通过Session创建的源码分析其实大家应该也能看出来,对于Session的过期属性的管理的是SessionTrackerImpl这个类,而它也是一个线程类,继承了 ZooKeeperCriticalThread ,我们可以看它的run方法,它首先获取了下一个会话过期时间,并休眠等待会话过期时间到期,然后获取过期的客户端会话集合并循环关闭。
- public void run() {
- try {
- while (running) {
- //获取下一个失效时间
- long waitTime = sessionExpiryQueue.getWaitTime();
- if (waitTime > 0) {
- //休眠
- Thread.sleep(waitTime);
- continue;
- }
- //获取失效的客户端会话集合
- for (SessionImpl s : sessionExpiryQueue.poll()) {
- //把Session会话的 isClosing 状态设置为了true
- setSessionClosing(s.sessionId);
- //让客户端会话失效
- expirer.expire(s);
- }
- }
- } catch (InterruptedException e) {
- handleException(this.getName(), e);
- }
- LOG.info("SessionTrackerImpl exited loop!");
- }
让客户端失效的方法 expirer.expire(s); 其实也是一个业务操作,主要调用了ZooKeeperServer.expire() 方法,而该方法获取SessionId后,又创建了一个OpCode.closeSession 的请求,并交给业务链处理,我们查看 ZooKeeperServer.expire() 方法源码如下:
- public void expire(Session session) {
- long sessionId = session.getSessionId();
- LOG.info("Expiring session 0x" + Long.toHexString(sessionId)

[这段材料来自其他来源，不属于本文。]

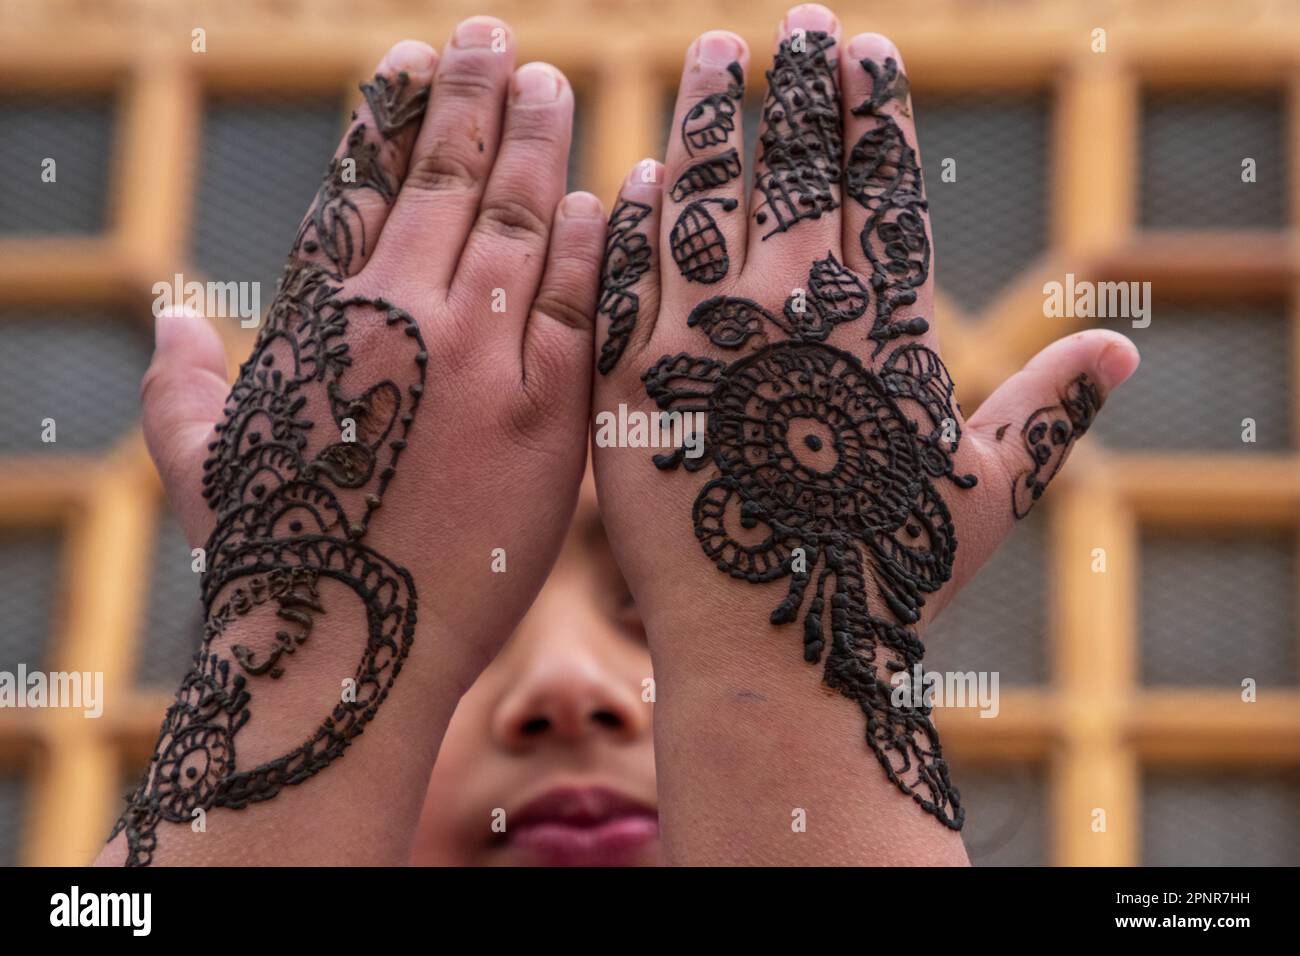 Kashmiri girl shows off her hands decorated with henna ahead of the Muslim  festival Eid-Al-Fitr. Eid Al-Fitr is a festival that marks the end of the  Muslim holy month of Ramadan. (Photo

- + ", timeout of " + session.getTimeout() + "ms exceeded");
- close(sessionId);
- }
- private void close(long sessionId) {
- //创建一个OpCode.closeSession业务请求
- Request si = new Request(null, sessionId, 0, OpCode.closeSession, null, null);
- setLocalSessionFlag(si);
- //提交给业务链处理
- submitRequest(si);
- }
道理发现又出现了submitRequest方法,这里暂时先不讲,在下文的请求处理中再详细介绍,在这里只需要知道,我们会调用该方法将我们的session关闭就好了。
zookeeper 的业务处理流程就像工作流一样,其实就是一个单链表;在zookeeper启动的时候,会确立各个节点的角色特性,即leader、follower和observer,每个角色确立后,就会初始化它的工作责任链;
客户端请求过来,每次执行不同事务操作的时候,Zookeeper也提供了一套业务处理流程RequestProcessor。

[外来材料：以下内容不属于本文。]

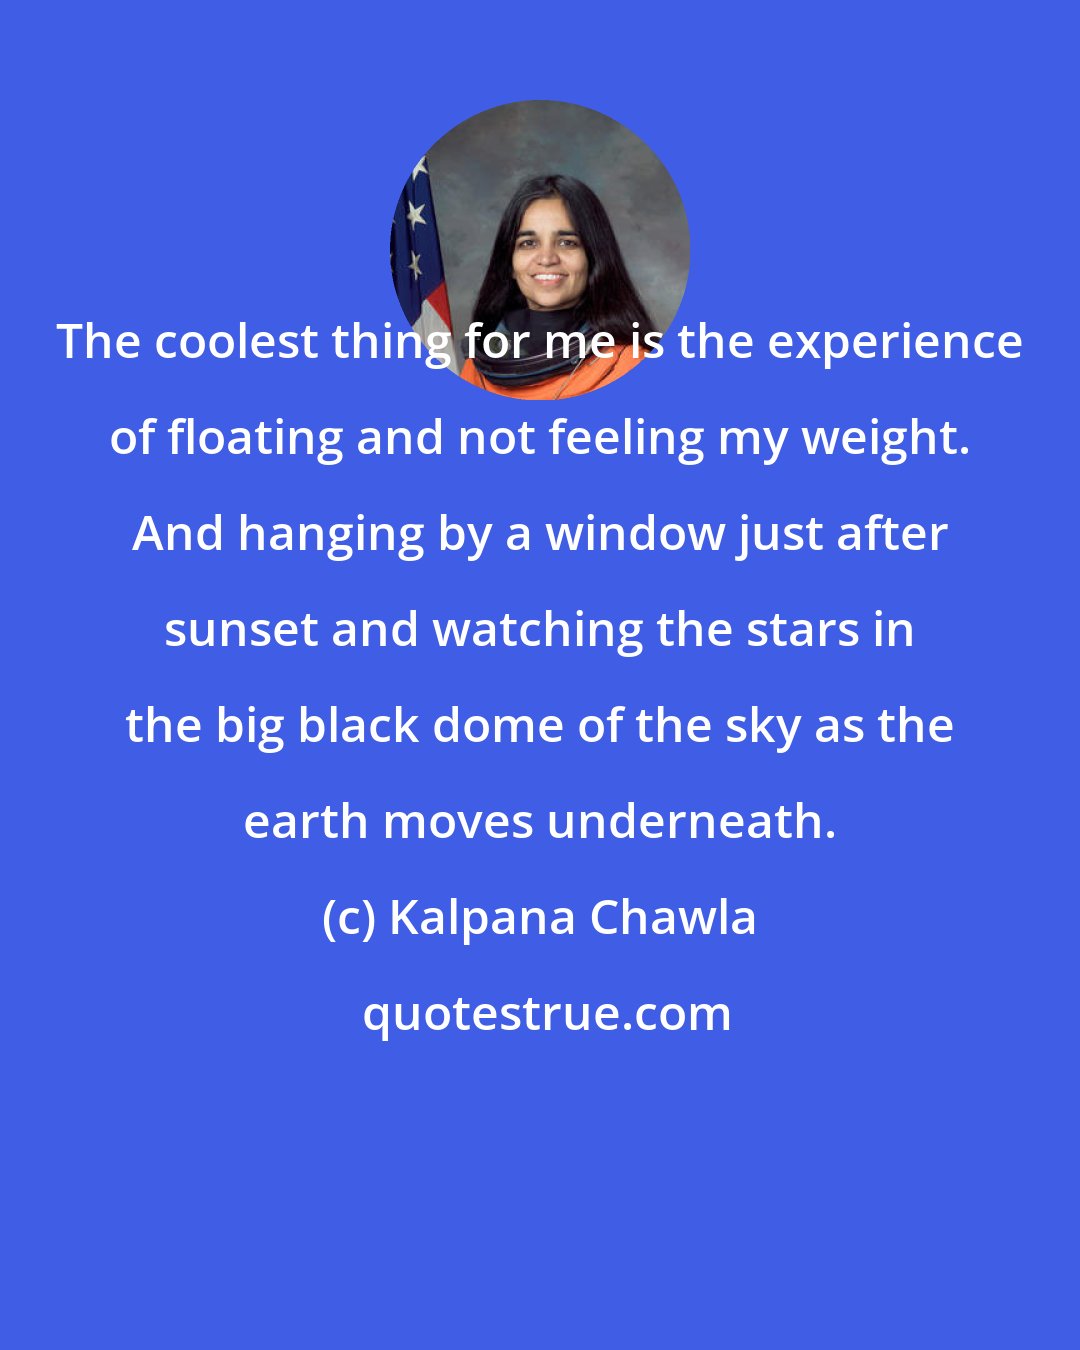 Kalpana Chawla: The coolest thing for me is the experience of floating and not feeling my weight. And hanging by a window just after sunset and watching the stars in the big black dome of the sky as the earth moves underneath.

我们来看一下RequestProcessor初始化流程,ZooKeeperServer.setupRequestProcessors()方法源码如下:
- /**
- * 初始化业务处理流程
- */
- protected void setupRequestProcessors() {
- //创建FinalRequestProcessor
- RequestProcessor finalProcessor = new FinalRequestProcessor(this);
- //创建SyncRequestProcessor,并将FinalProcessor作为它下一个业务链
- RequestProcessor syncProcessor = new SyncRequestProcessor(this,
- finalProcessor);
- //启动syncProcessor
- ((SyncRequestProcessor)syncProcessor).start();
- //创建PrepRequestProcessor,并作为第一个处理业务的RequestProcessor,将syncProcessor作为它的下一个业务链
- firstProcessor = new PrepRequestProcessor(this, syncProcessor);
- //启动firstProcessor
- ((PrepRequestProcessor)firstProcessor).start();
- }
syncProcessor创建时,将finalProcessor作为参数传递进来源码如下:
- /**
- * 创建SyncRequestProcessor,下一个责任链 FinalRequestProcessor
- * @param zks
- * @param nextProcessor
- */
- public SyncRequestProcessor(ZooKeeperServer zks,
- RequestProcessor nextProcessor) {
- super("SyncThread:" + zks.getServerId(), zks
- .getZooKeeperServerListener());
- this.zks = zks;
- //下一个责任链
- this.nextProcessor = nextProcessor;
- running = true;
- }
firstProcessor创建时,将syncProcessor作为参数传递进来源码如下:
- public PrepRequestProcessor(ZooKeeperServer zks,
- RequestProcessor nextProcessor) {
- super("ProcessThread(sid:" + zks.getServerId() + " cport:"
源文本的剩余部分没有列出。